Sunk into a large smooth granite hill in the plains of northern Indian, the Barabar Caves are actually man-made, carved by Buddhist holy men in the 3rd century BC. Situated in the very cradle of Buddhism—the Bodhi tree, where Gautama Buddha became enlightened, is just a day’s walk away—the caves were a hub for the religion’s earliest ascetics. The caves’ apparent modesty—each chamber is about the size of a train car—belies a remarkable architectural feature: vaulted ceilings and perfectly polished walls create an astonishing echo effect that served to deepen and prolong the meditative chants of ancient monks. With even the faintest whisper, you will set off a sonic coil in the dark that gives the effect of standing in a soaring cathedral.

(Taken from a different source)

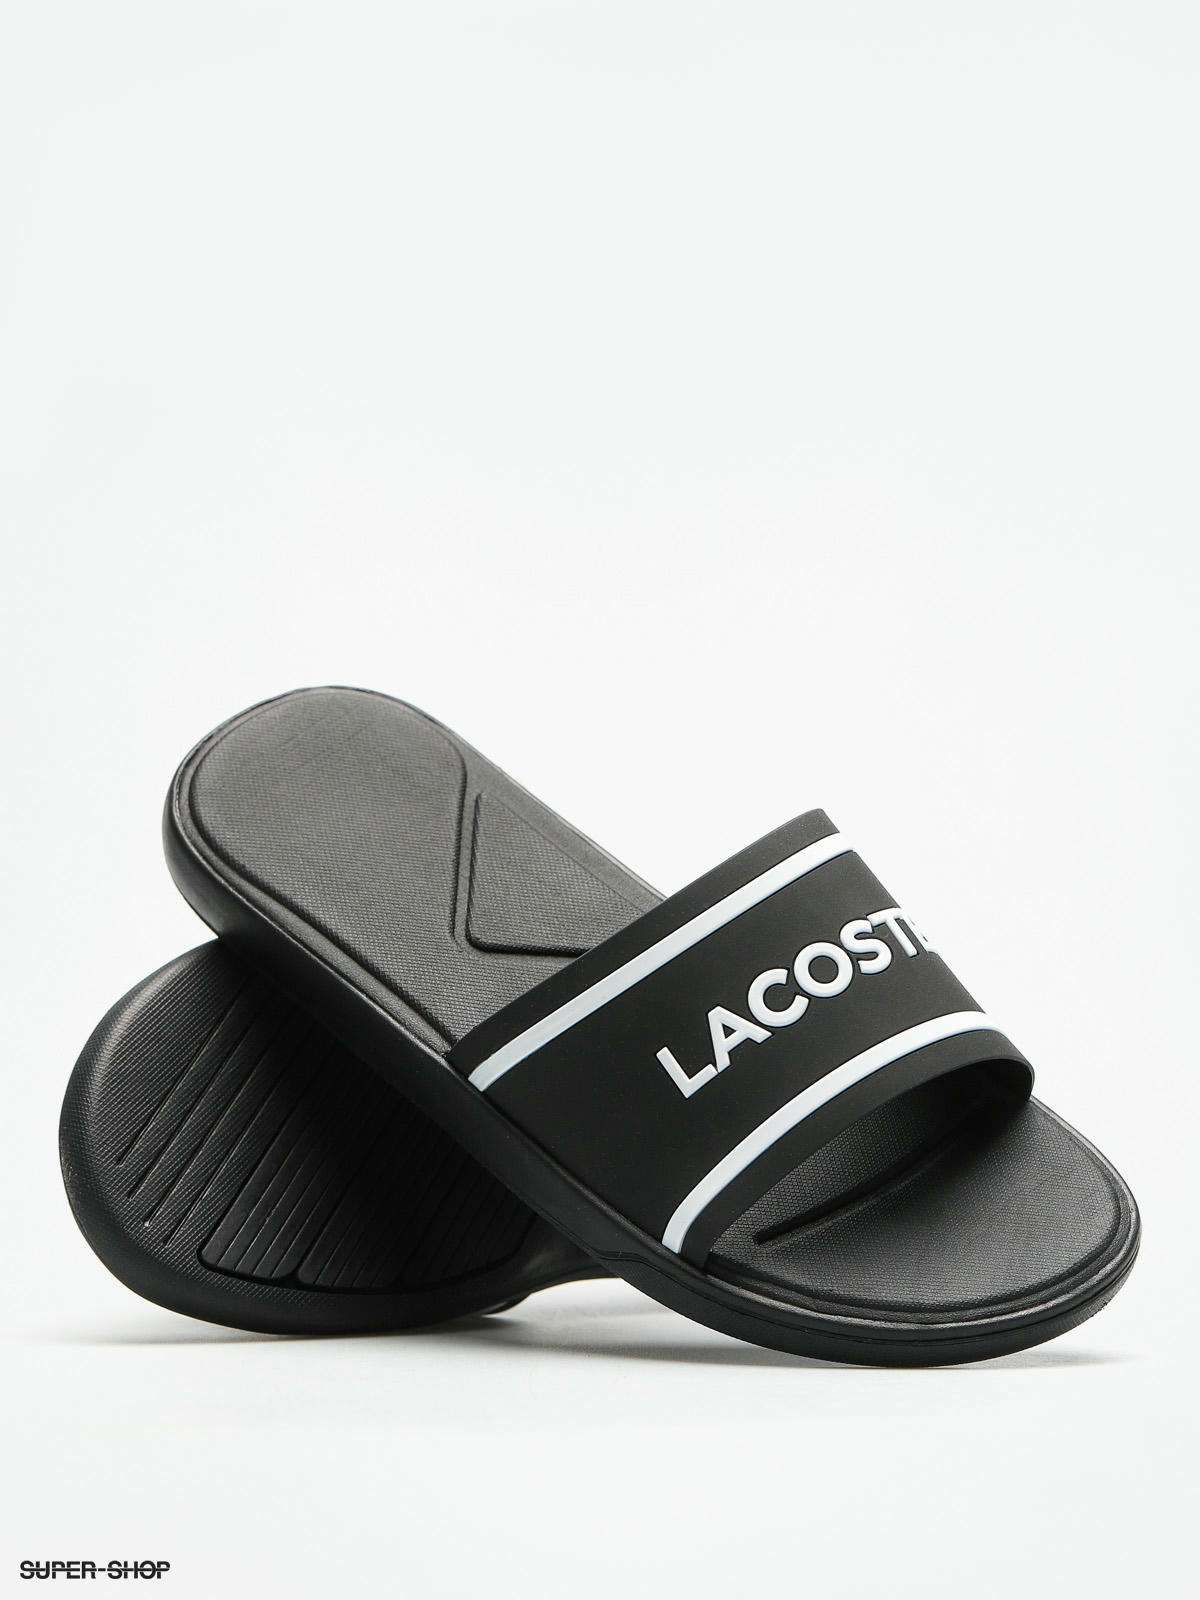 lacoste slides black and white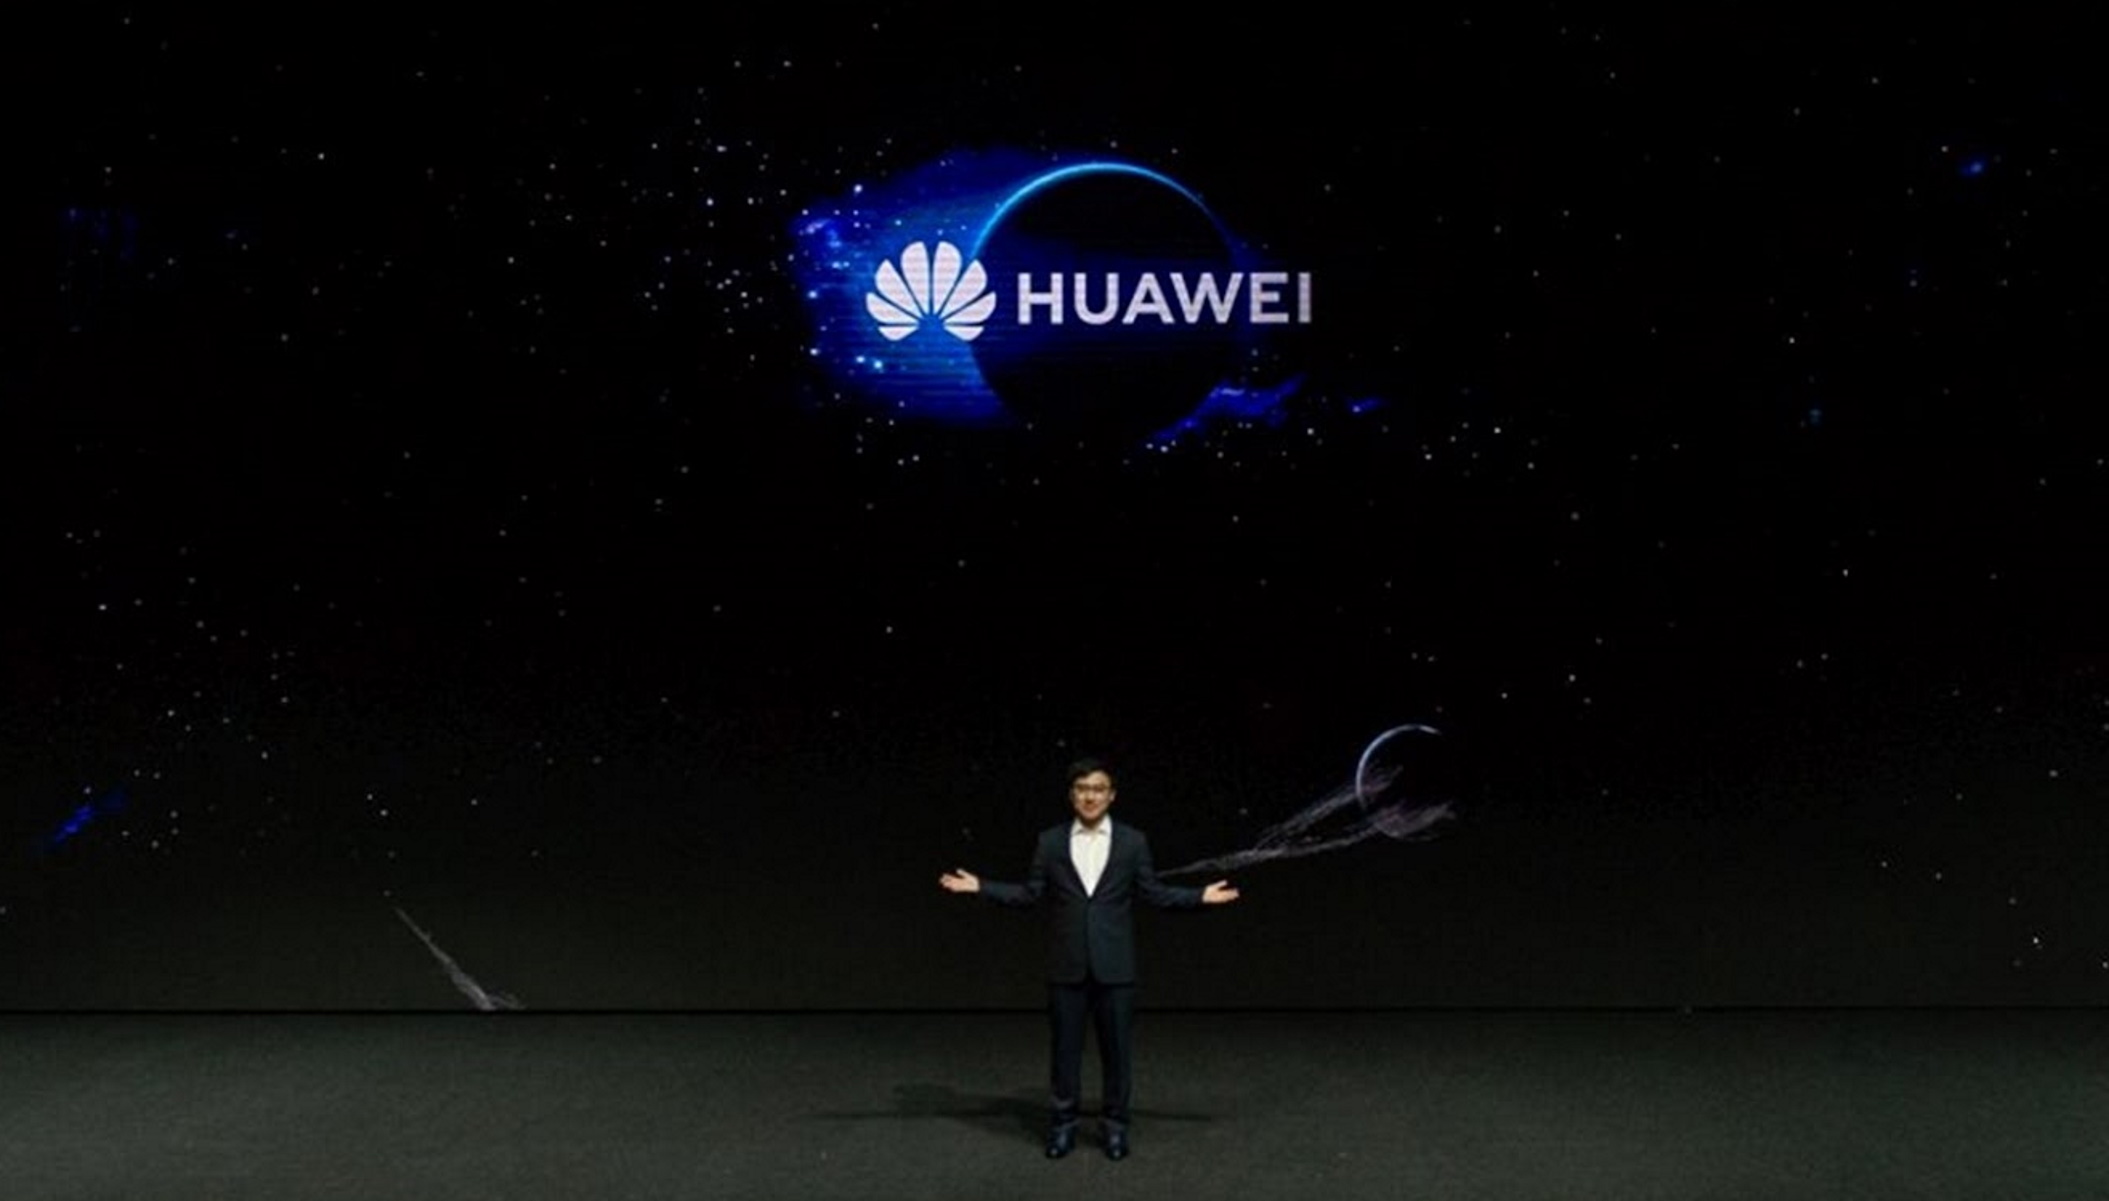 Huawei: Παρουσίασε νέα προϊόντα υψηλής τεχνολογίας σε φαντασμαγορική εκδήλωση στην Κωνσταντινούπολη

The Pyrenees are worm-eaten with caves, many of them graced with sacred prehistoric artworks, but none is quite so alluring or mysterious as Le Tuc d’Audoubert. Set on a private family estate outside the village of Montesquieu-Avantes, the cave contains the bisons d’argiles, the clay bison, a pair of sculptures created some 14,000 years ago.
The bison were sculpted in the very deepest chamber of the cave, down a sequence of tortuously narrow passageways, as far as possible from the reach of sunlight. In an adjoining chamber, archaeologists have discovered an array of footprints – mysteriously, all of them heel prints – which suggest that this hidden chamber was the scene of an ancient sacred dance.
Sima de los Huesos, or “The Chasm of Bones” reminds us just how long our ancestors have considered caves to be sacred. Tucked away at the very back of a large cave in the Atapuerca Mountains, this vertical passageway, or “chimney,” contains the remains of twenty-eight hominids, dating to between 430,000 and 600,000 years ago. That is to say, long before Homo sapiens even existed.
Discovered amidst the bones was a hand-axe of glittering red quartzite—a rare stone, carried from a great distance, signifying that it was special—which archaeologists call Excalibur. Experts believe that Excalibur is the first evidence of religious behaviour in the history of humankind: an archaic ritual honouring a journey into the underworld.